We're never going near a bag of chips again.

 

Taylor Hatmaker

Tech

Posted on Aug 4, 2014   Updated on May 30, 2021, 8:13 pm CDT

A research team made up of computer science specialists from MIT, Microsoft, and Adobe has crafted a spy technique that’s straight out of the next James Bond film. Or maybe the nexnext James Bond film. 

As reported by MIT News, the group developed an algorithm capable of extracting sound data from silent video—sound data that would otherwise be totally inaudible.

In one example, the researchers played “Mary had a little lamb” while taking a silent high speed video of a house plant. The song’s vibration caused the plant to move in a way completely imperceptible to the human eye—image a leaf swaying only 1/100th of a pixel. Still, the plant’s micro-movements were enough for the researchers, who managed to extract full sound from the silent video—they were able to recreate “Mary had a little lamb” in full.

Not mind-bending enough yet?
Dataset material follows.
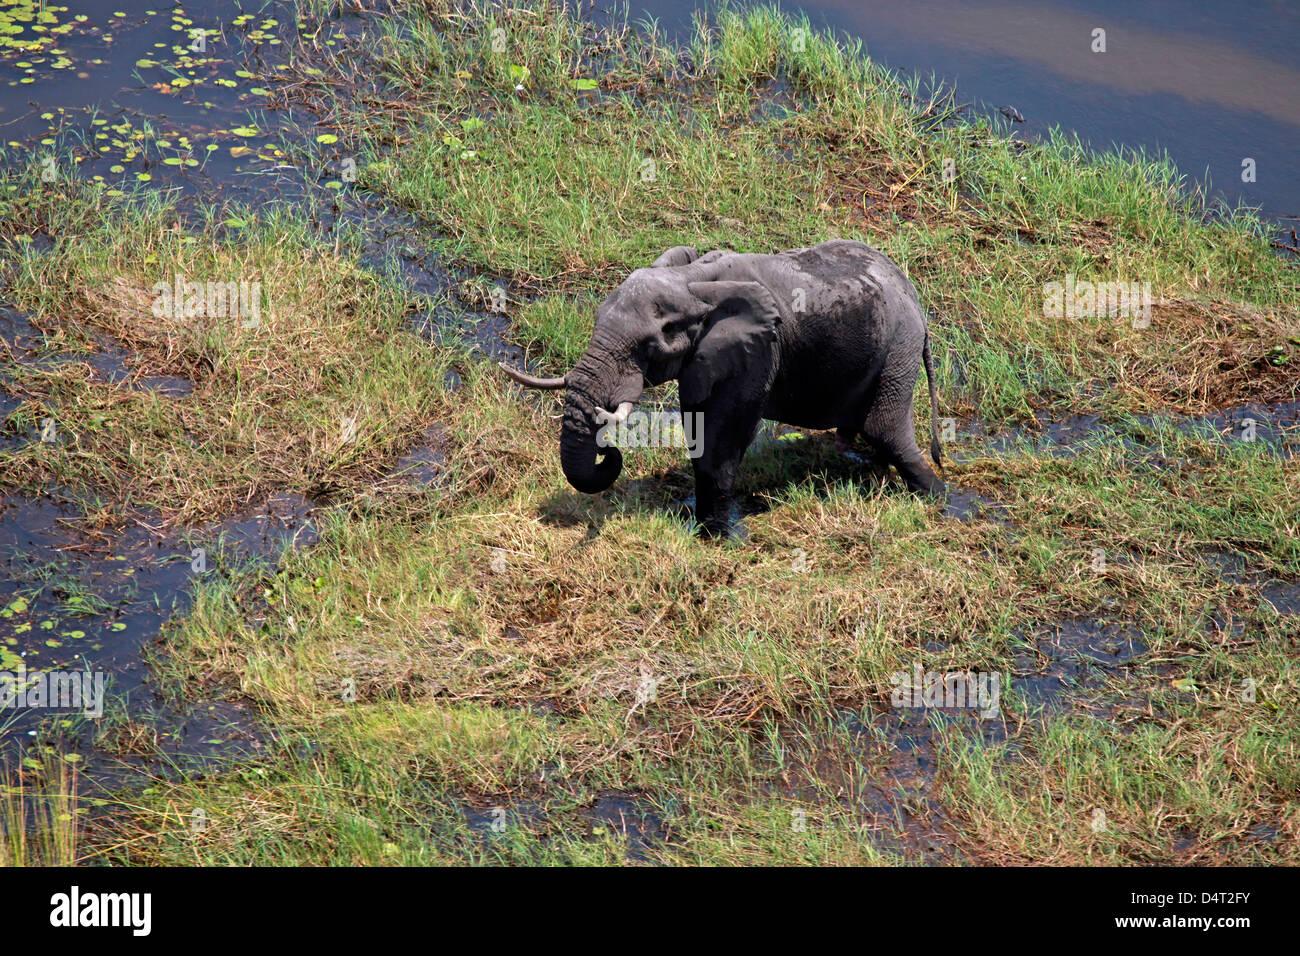 Botswana, Okavango Delta. Aerial view by helicopter safari of elephants in the Okavango Delta. - Stock Image

In another trial, the researchers placed a high speed camera behind sound proof glass where it shot video of a bag of chips laying on the ground. Beyond the sound proof glass window, they recited the lines of the same song. The vibrational detail extracted from the bag of chips was so subtle that it was able to fully reproduce the human voice in spite of the video having no sound data whatsoever.
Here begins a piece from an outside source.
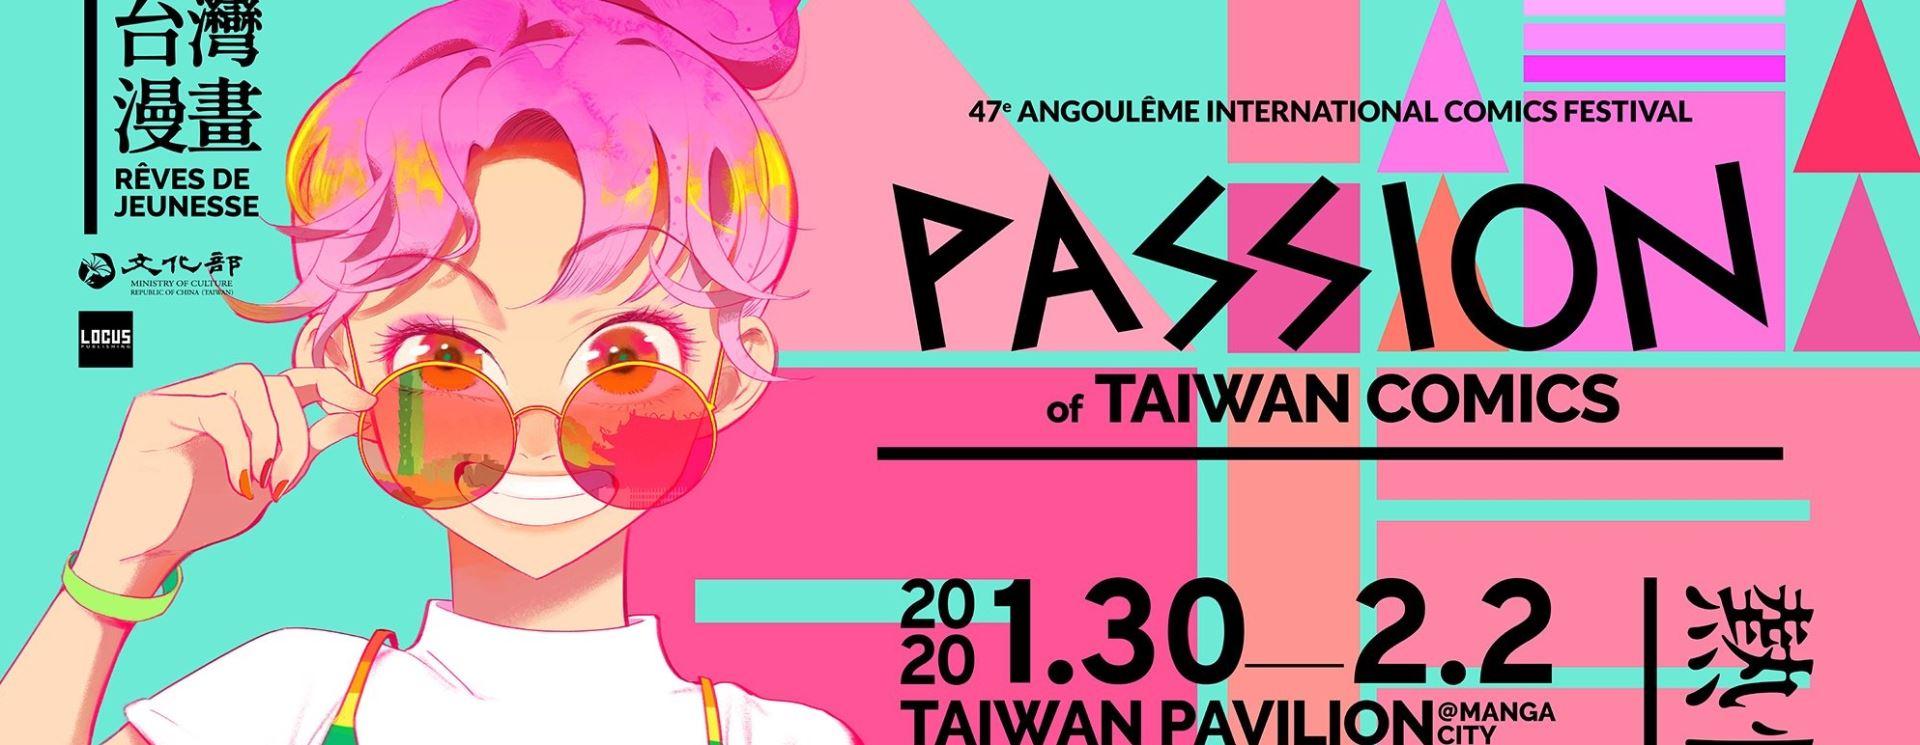 Passionate Taiwan comic artists to greet Angoulême visitors[另開新視窗]

It’s a lot to wrap your head around, but happily the team was kind enough to lay it out in a video, embedded below.

“We’re scientists, and sometimes we watch these movies, like James Bond, and we think, ‘This is Hollywood theatrics. It’s not possible to do that. This is ridiculous.’ And suddenly, there you have it,” Alexei Efros, an associate professor of engineering and computer science at Berkeley, told MIT News. “This is totally out of some Hollywood thriller. You know that the killer has admitted his guilt because there’s surveillance footage of his potato chip bag vibrating.”